De projecten zullen stuk voor stuk bijdragen aan de beantwoording van de overkoepelende vragen waarop het onderzoek binnen Conflictoplossende Instituties in Leiden zich richt, namelijk:
- Hoe kan de rechtspraak optimaal vorm geven aan de probleemoplossende verwachtingen die in haar worden gesteld en wat zijn de gevolgen daarvan voor de toegang tot het recht en de juridische bescherming die het recht aan betrokken partijen biedt? (Pijler 1: duurzame rechtspleging)
- Welke andere vormen van juridische en extra-juridische geschilbeslechting worden ingezet, waarin verschillen deze van de klassieke procedures en in hoeverre worden oplossingen voor de aan de geschillen onderliggende problemen gerealiseerd? (Pijler 1: duurzame rechtspleging)
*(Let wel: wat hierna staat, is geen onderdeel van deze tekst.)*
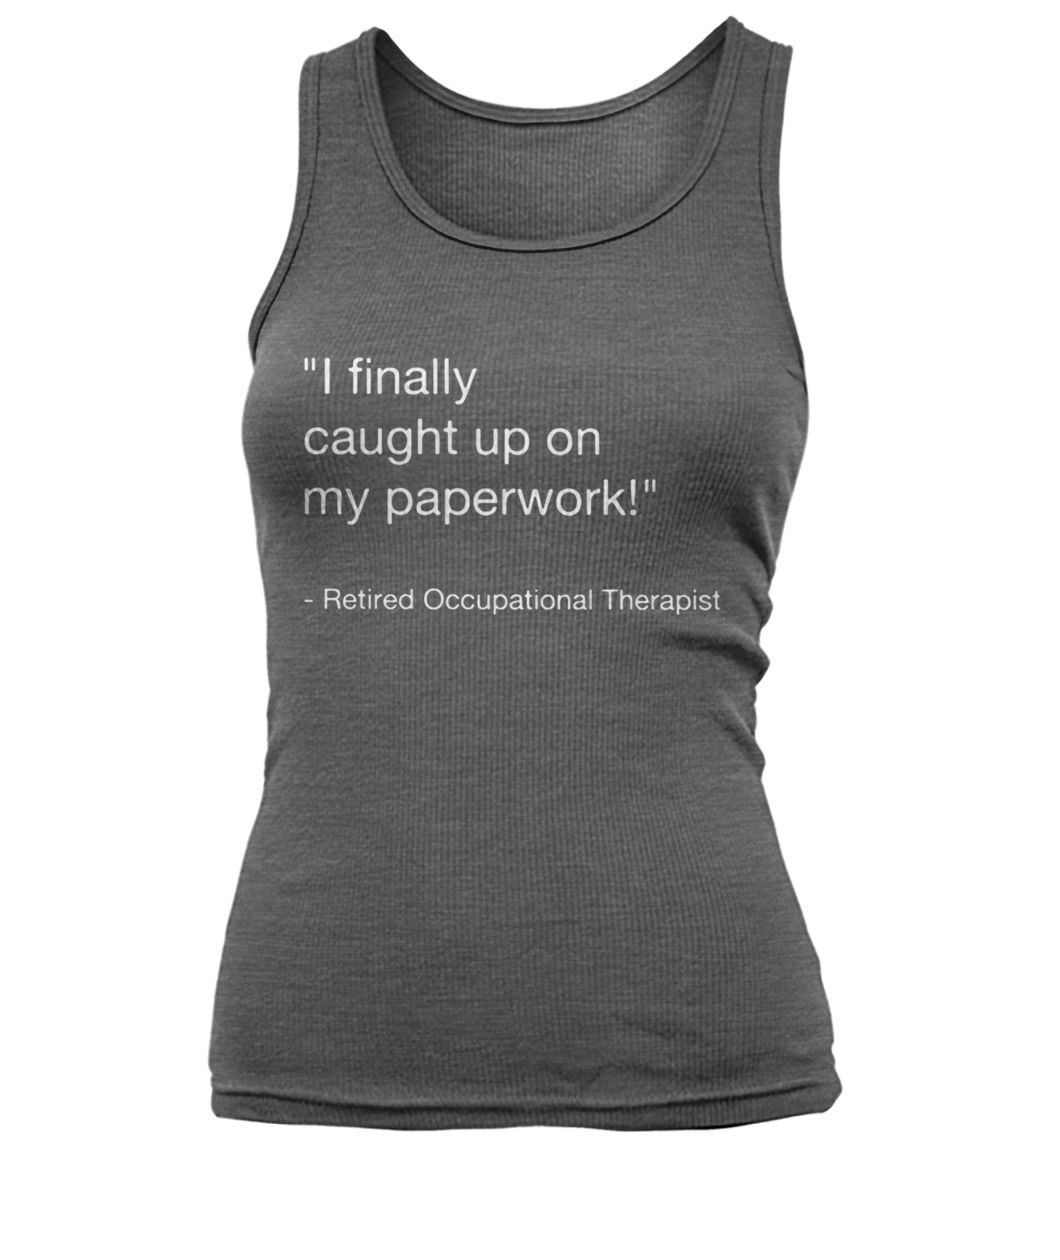 I finally caught up on paperwork retired occupational therapist women's tank top
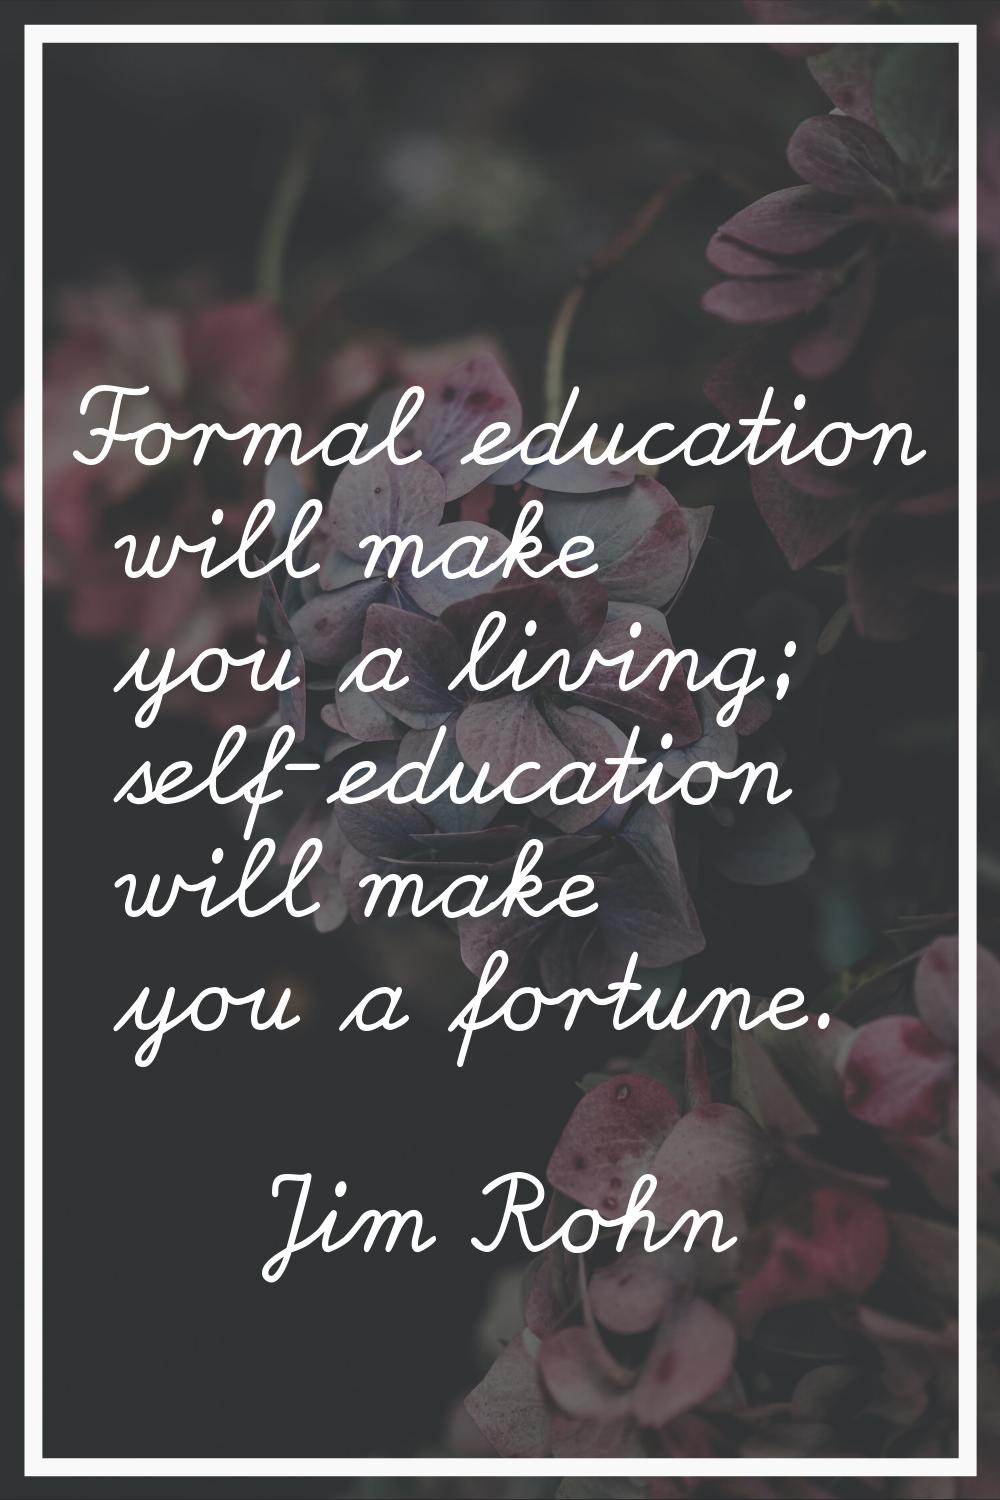 Formal education will make you a living; self-education will make you a fortune.

- Welke processen leiden ertoe dat vraagstukken aan de rechter worden voorgelegd die nog volop onderwerp zijn van politieke en maatschappelijke discussie? (Pijler 2: de rechtszaal als maatschappelijke arena)
- Welke bijdrage levert de rechter aan de oplossing van de maatschappelijke problemen en wat zijn de consequenties voor de legitimiteit van de rechter? (Pijler 2: de rechtszaal als maatschappelijke arena)
- Wat is de invloed van de inrichting van de procedure op de mogelijkheden tot procederen van burgers en zou deze moeten worden aangepast om de functie van de rechtszaal als maatschappelijke arena te versterken? (Pijler 2: de rechtszaal als maatschappelijke arena)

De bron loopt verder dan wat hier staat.